Эпоха «дворских бурь». Очерки политической истории послепетровской России (1725–1762 гг.) — страница 59 из 158

Он, безусловно, был фигурой незаурядной, — но типичной для петровской эпохи. Как и многие его сверстники, начал службу в Преображенском полку и стал капитаном после Азовских походов. Затем последовали назначения на самые разные посты — дипломатические, военные, финансовые.[895] Князь показал себя способным и усердным администратором[896] — но не реформатором. Возглавляемая им с 1727 г. комиссия по пересмотру налоговой системы не смогла предложить ничего, кроме сохранения петровской подушной подати с некоторым уменьшением ставки. В качестве киевского губернатора Голицын стремился урезать гетманскую власть; в качестве члена Верховного суда подписал приговор царевичу Алексею, давшему на следствии показания, что Голицын говорил ему: «Я тебе всегда верной слуга». В 1727 г. Голицын по приказу новой власти в лице Меншикова вёл следствие по делу архиепископа Феодосия, а затем Девиера и Толстого. Как и многие другие вельможи, он испытал на себе гнев Петра: в 1723 г. по делу вице-канцлера Шафирова был лишён чинов; так же прибегал к заступничеству Екатерины и по старому обычаю бил перед ней «челом» в пол. Он писал доносы на гетмана; но и на него в мае 1722 г. дворецкий его брата-фельдмаршала заявил «слово и дело» по поводу якобы имевшихся у князя «тайных царственных писем».[897] Хорошо ещё, что донос проигравшегося в карты холопа был признан неосновательным; иначе карьера министра могла закончиться задолго до 1730 г.

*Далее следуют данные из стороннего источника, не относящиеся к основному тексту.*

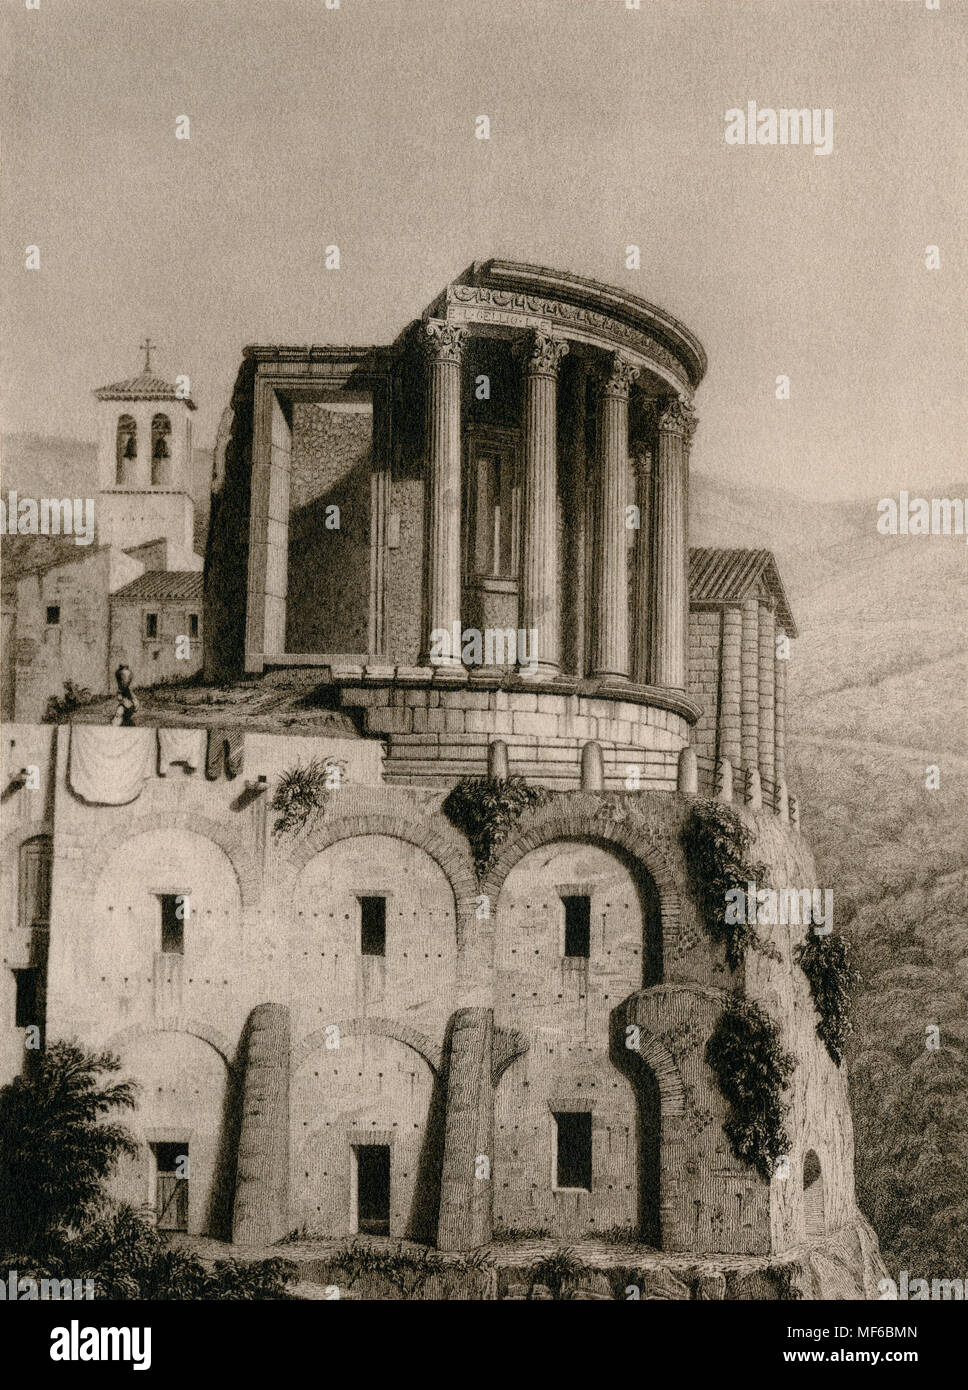 Ruins of the Roman Temple of Vesta at Tivoli (ancient Tibur), Italy, late 19th century. Photograph Stock Photo

В качестве по-петровски (то есть в процессе службы) широко образованного человека и владельца знаменитой библиотеки Голицын открывал галерею типичных для XVIII столетия вельмож. Консул К. Рондо отозвался о нём в феврале 1730 г.: «Человек необыкновенных природных дарований, развитых работой и опытом. Это человек духа деятельного, глубоко предусмотрительный, проницательный, разума основательного, превосходящий всех знанием русских законов и мужественным красноречием. Он обладает характером живым, предприимчивым; исполнен честолюбия и хитрости, замечательно умерен в привычках, но высокомерен, жесток и неумолим».[898]

Это сочетание качеств делало Голицына способным начать серьёзное дело и взять на себя ответственность за него, но одновременно мешало ему стать лидером, умевшим увлечь за собой других, в особенности стоявших ниже на социальной лестнице и уступавших князю по интеллектуальному уровню: к ним надо было приспосабливаться, договариваться, сотрудничать.

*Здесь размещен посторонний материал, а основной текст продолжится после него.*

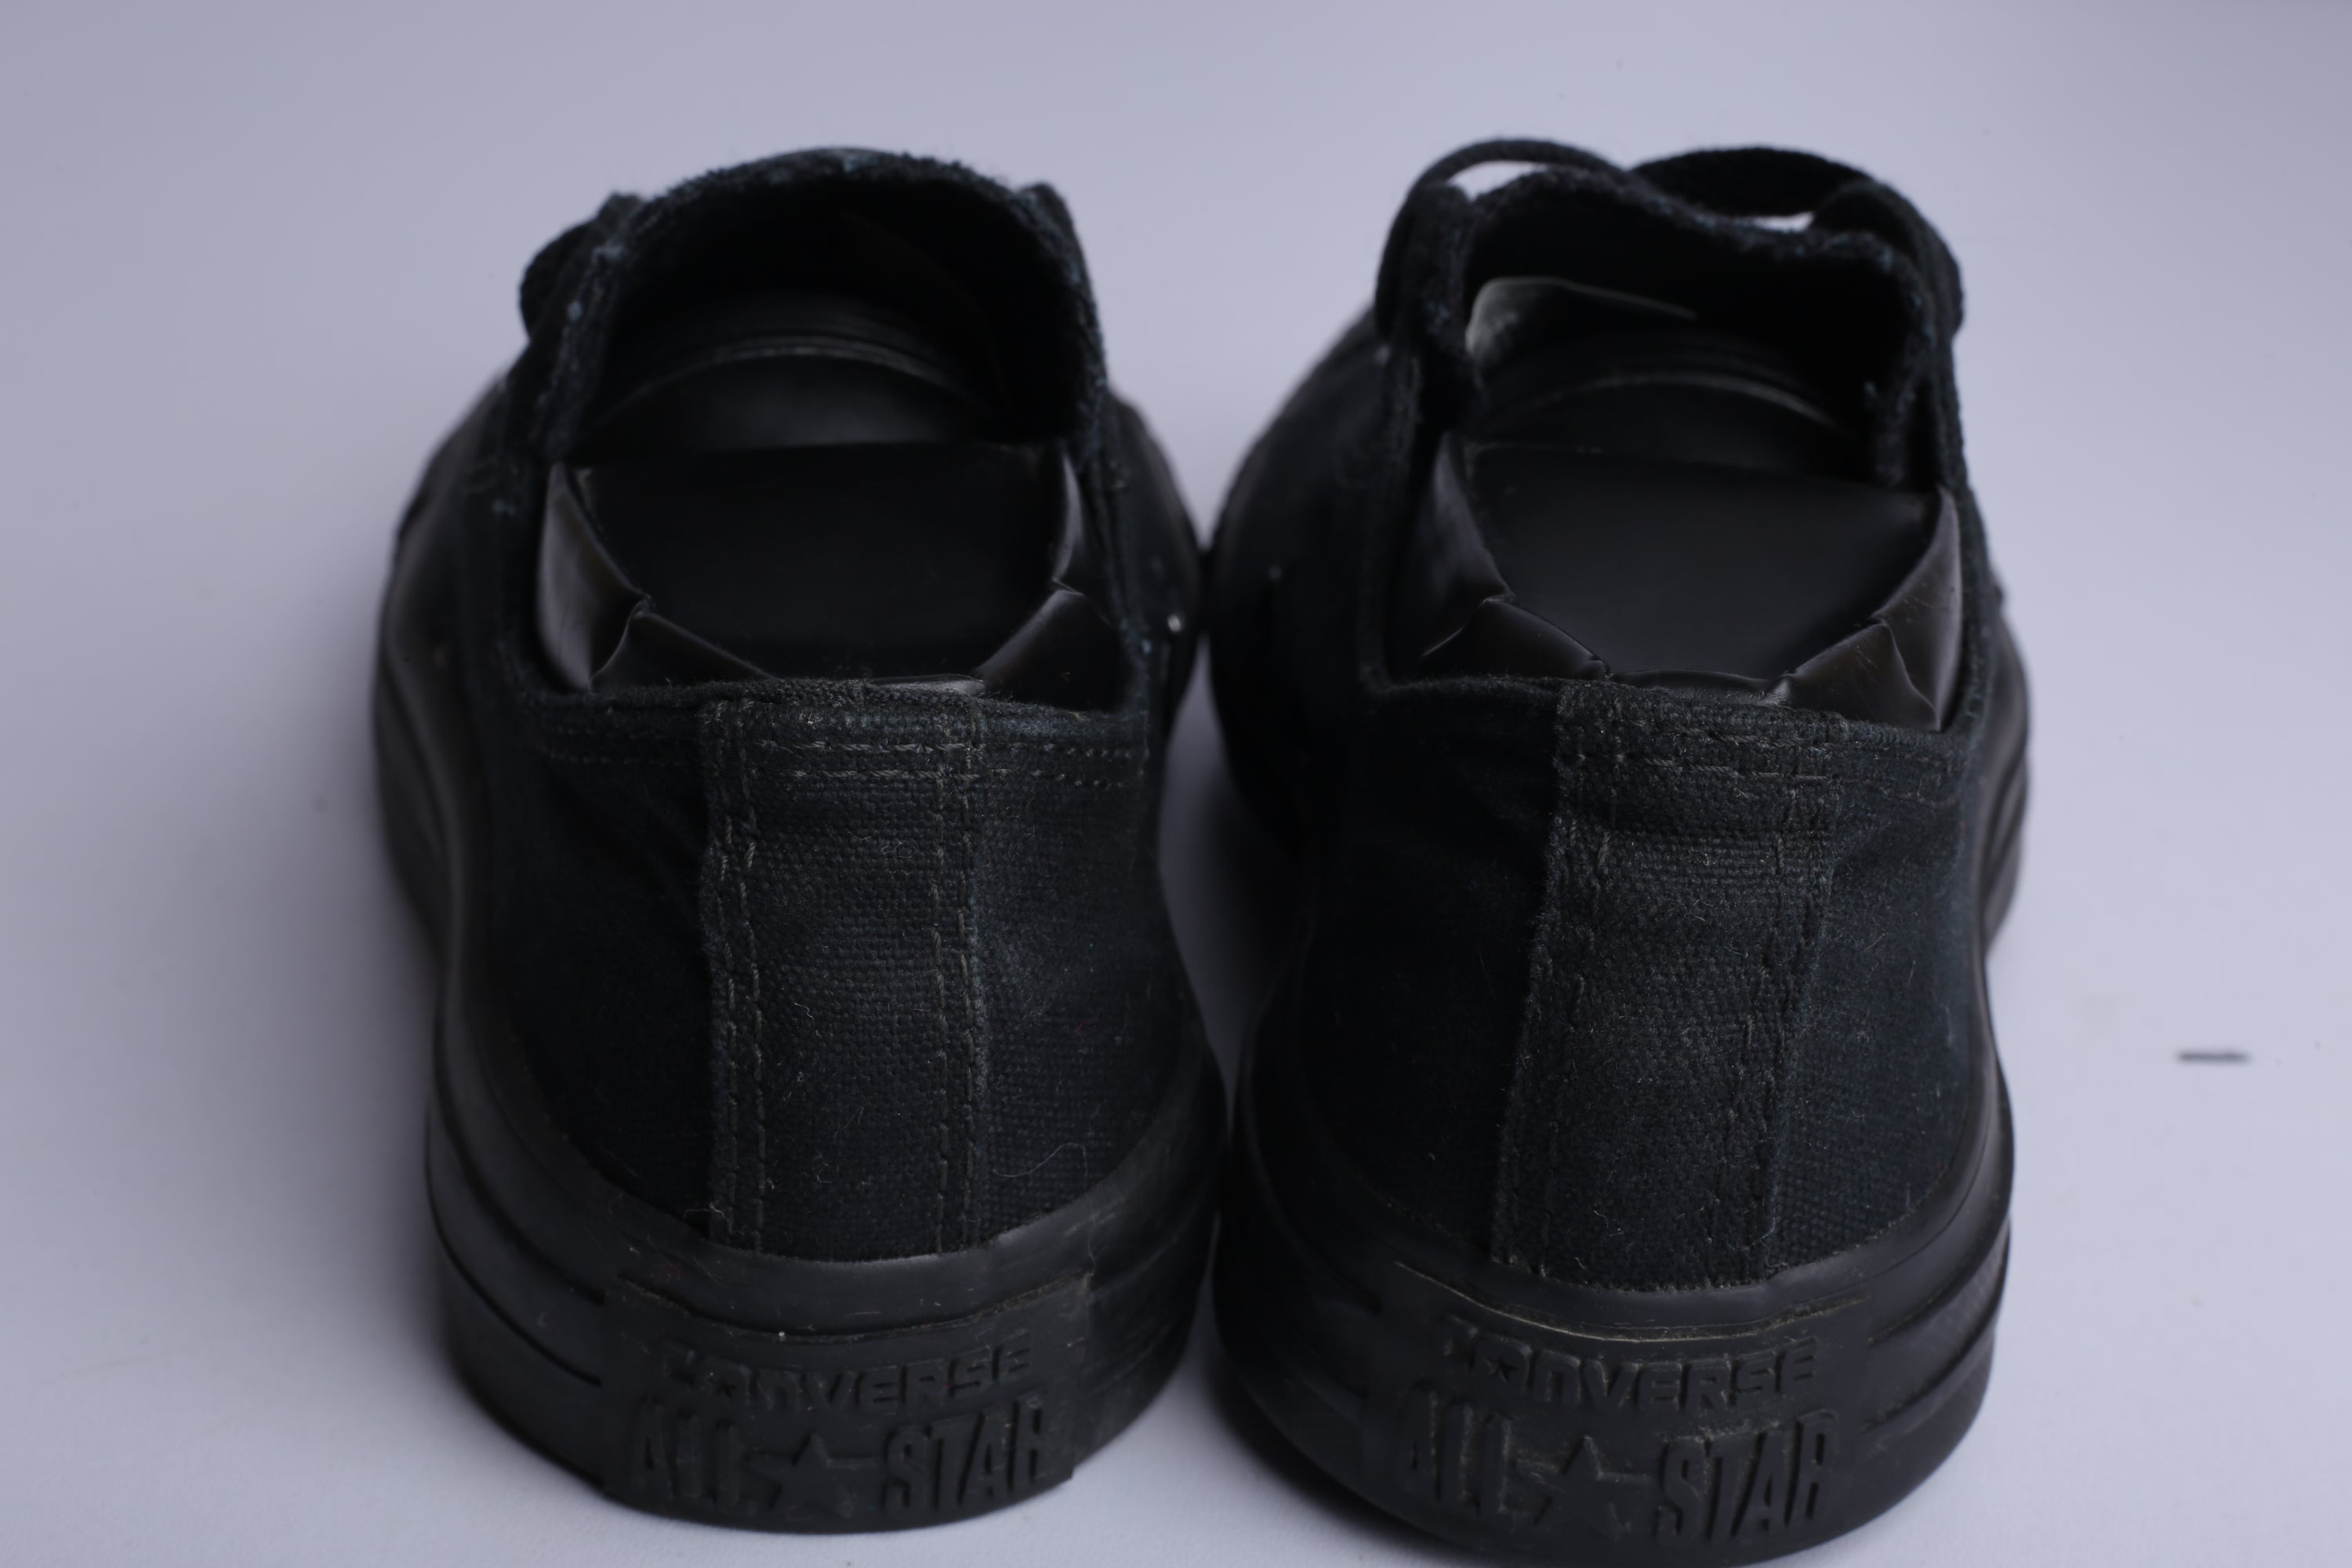 Chuck Taylor All Star Low Black Sneaker - (Condition Premium)

Вельможное высокомерие, помноженное на сознание своего культурного и чиновного превосходства отталкивали от Голицына даже неплохо относившихся к нему людей. Иван Посошков был удручён своим опытом делового знакомства с князем: «На что добрее и разумнее господина князь Дмитрея Михайловича Голицына, а в прошлом 719 году подал я ему челобитную, чтоб мне завод построить винокурной и вотки взять на подряд, и, неведомо чево ради, велел меня за караул посадить. И я сидел целую неделю, и стало мне скушно быть, что сижу долго и за что сижу не знаю… велел я уряднику доложить о себе, и он, князь Дмитрей Михайлович, сказал: "Давно ль де он под караулом сидит?" И урядник ему сказал: "Уж де он целую неделю сидит". И тотчас велел меня выпустить. И я, кажетца, и не последней человек, и он, князь Дмитрей Михайлович, меня знает, а просидел целую неделю ни за что…»[899]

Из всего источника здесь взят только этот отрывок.